A pragmatic .NET 8 framework for modular monoliths to evolve seamlessly into distributed microservices.

ADNC is a .NET 8 framework-plus-reference-implementation for teams building modular monoliths that may eventually need to split into microservices. It wires together Ocelot, Consul, CAP, Redis, EF Core, SkyWalking, and a handful of other standard components behind consistent abstractions, and ships a working five-service demo domain so you can see how all of it fits. Aimed at teams who want the distributed systems plumbing decided upfront without committing to the operational cost of microservices from day one.

The demo deliberately shows three different service shapes side-by-side (classic layered, compact single-project, DDD with domain layer), which is genuinely useful for teams arguing about project structure. Central Package Management and shared Directory.Build.props mean dependency versions stay consistent across dozens of projects without manual coordination. The CAP outbox pattern is wired in correctly — events go through the DB transaction, not a fire-and-forget publish, which is the right call for distributed consistency. Architecture Decision Records are present and reference real trade-offs (ADR-003 explicitly rejects distributed transaction coordinators), which is rarer than it should be in framework repos.

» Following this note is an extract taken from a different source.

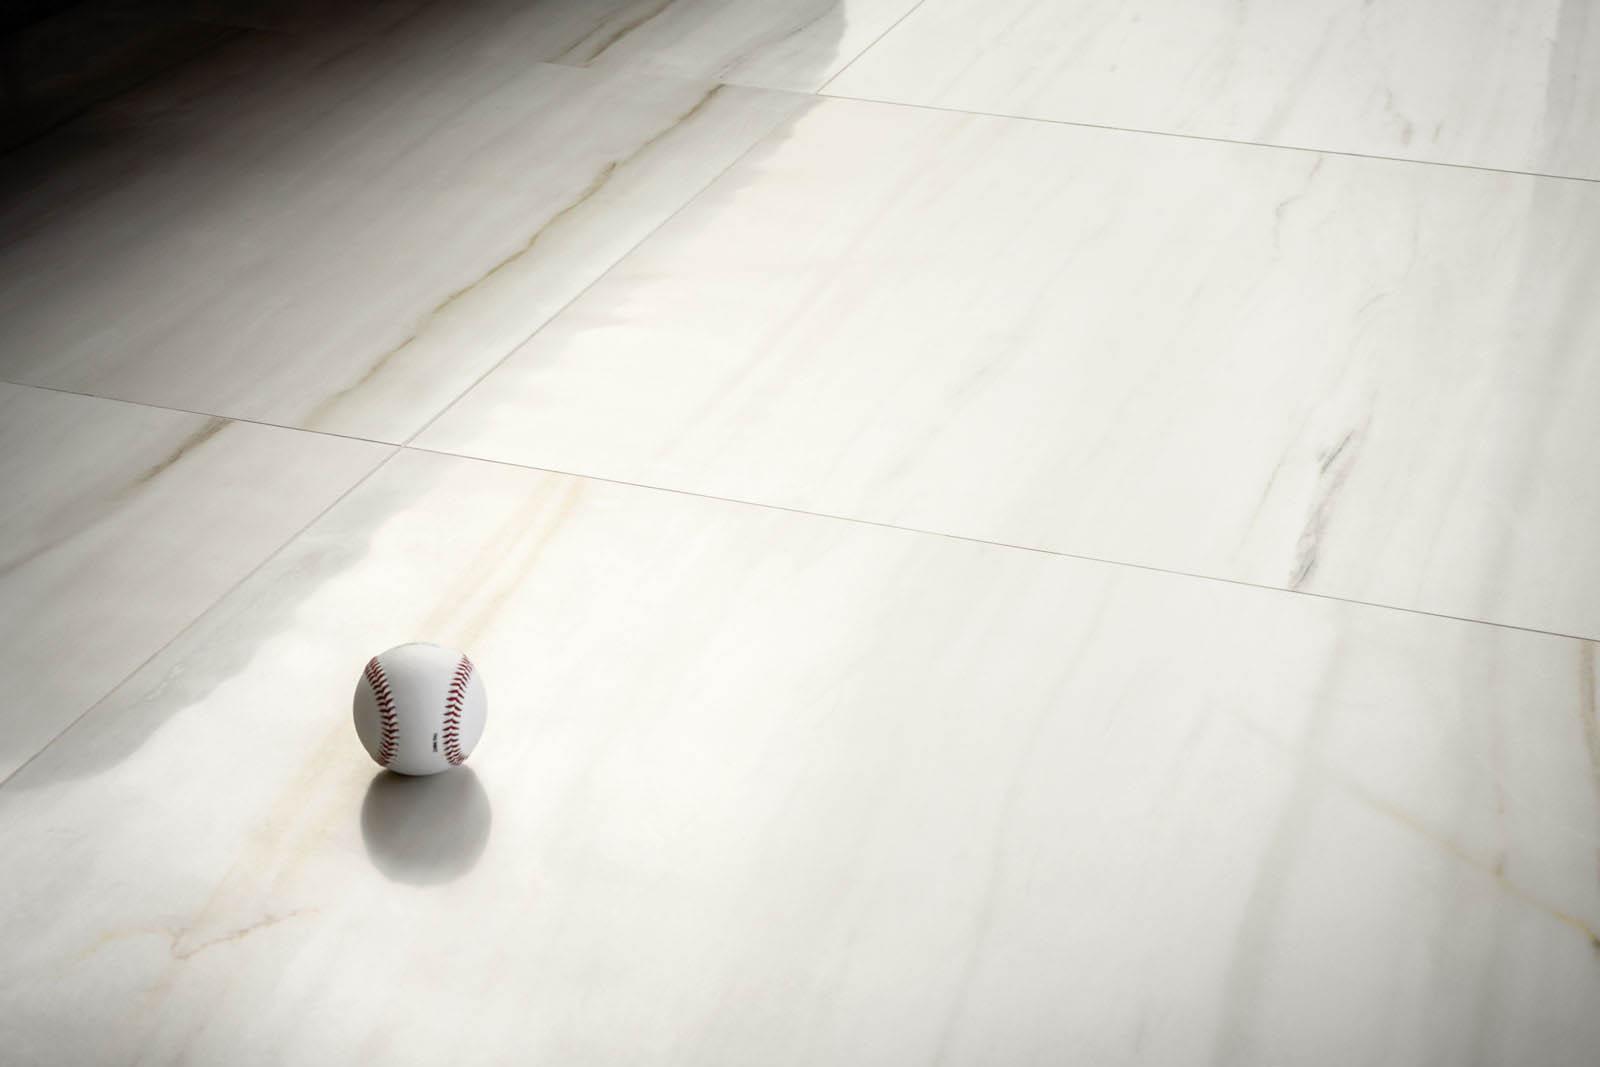 Dipingere Pavimento In Gres cambiare il pavimento: la guida pratica per migliorare lo

The infrastructure dependency footprint is heavy — Consul, Redis, RabbitMQ, MySQL, and a logging stack are all required before the demo runs at all, which makes local dev painful and the Docker Compose setup a pre-requisite rather than optional. The 'modular monolith first' promise is partially undercut by the fact that the demo is already split into five separately deployed services; there is no single-process modular monolith entry point to start from before breaking things apart. AutoMapper is still present throughout, which is a long-standing complaint in the .NET community for good reasons (hidden runtime failures, reflection overhead, debugging friction). Test coverage is thin — the test directory exists but there is minimal evidence of serious unit or integration test investment for the infrastructure packages themselves.